I found out about this problem when converting Mozilla's hg repository to git.
The way that git parses the author/commiter lines is that it looks for the first less-than character, and expects that to start the email address, and then it looks for the next greater-than character, and it then expects everything following that character to be parsed as a date.
hg-git's output doesn't completely match that expectation. For example, for this revision hg.mozilla.org/mozilla-central/rev/a537a070dbf40081e1d32321924b6589b271574e, the author is "Ms2ger@gmail.com", which makes hg-git generate a author line like this:
author Ms2ger@gmail.com none@none 123456000 +0000
Which git fails to parse. Another example is this revision http://hg.mozilla.org/mozilla-central/rev/e88d2327e25d600ce326615f682db1d79d2bb10e, where there is no space between the username and the email, which creates an author line like this:
author Ms2ger<Ms2ger@gmail.com <Ms2gerMs2ger@gmail.com 123456000 +0000
And you can see how that would confuse git!
With the fixes in this pull request, hg-git can generate better commit objects, that git can actually deal with. I managed to convert the entire hg history of mozilla-central to git with these patches.
Sanitize the author username and email address to make sure that git …
…is not confused by brackets around those names
Make get_valid_git_username_email a proper method on the GitHandler o…

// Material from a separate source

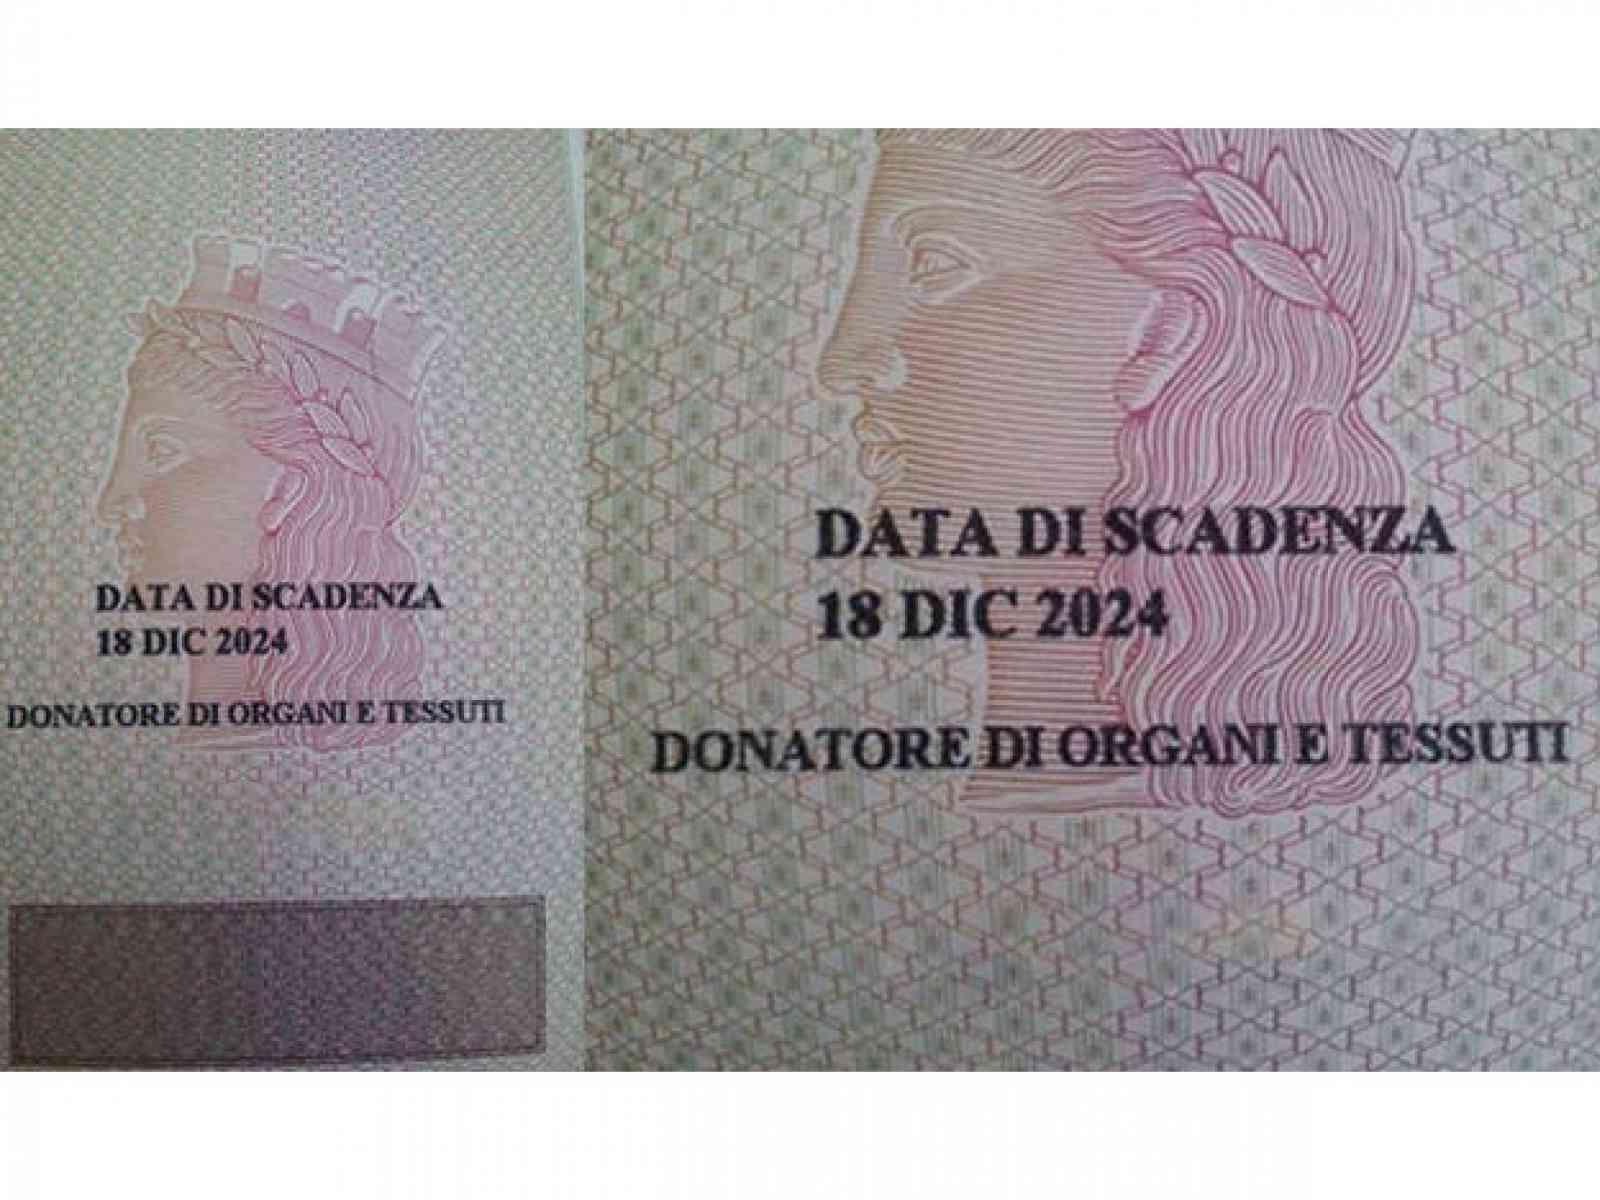 Menfi. Donatore di organi su carta d'identità: adesso si può

Make the space between the username and email address in hg username …
…parsing code optional, to handle cases like 'User<firstname.lastname@example.org>'
Treat the trailing bracket after the hg author name as optional.
This causes stuff like
https://hg.mozilla.org/mozilla-central/rev/e751acb410d0 to be parsed
ehsan@04a37b4 also fixes another instance of this problem, for commits like https://hg.mozilla.org/mozilla-central/rev/e751acb410d0
Can you add some tests for this? I'm hesitant to pull this without corresponding tests. I'm also skeptical of the correctness of get_valid_git_username_email() - couldn't that fail if the username was something like " email@example.com " or some other broken thing?
When you're ready, I'd greatly prefer patches mailed to the hg-git Google Group - it's easier for me to review and apply them there than on a pull request here.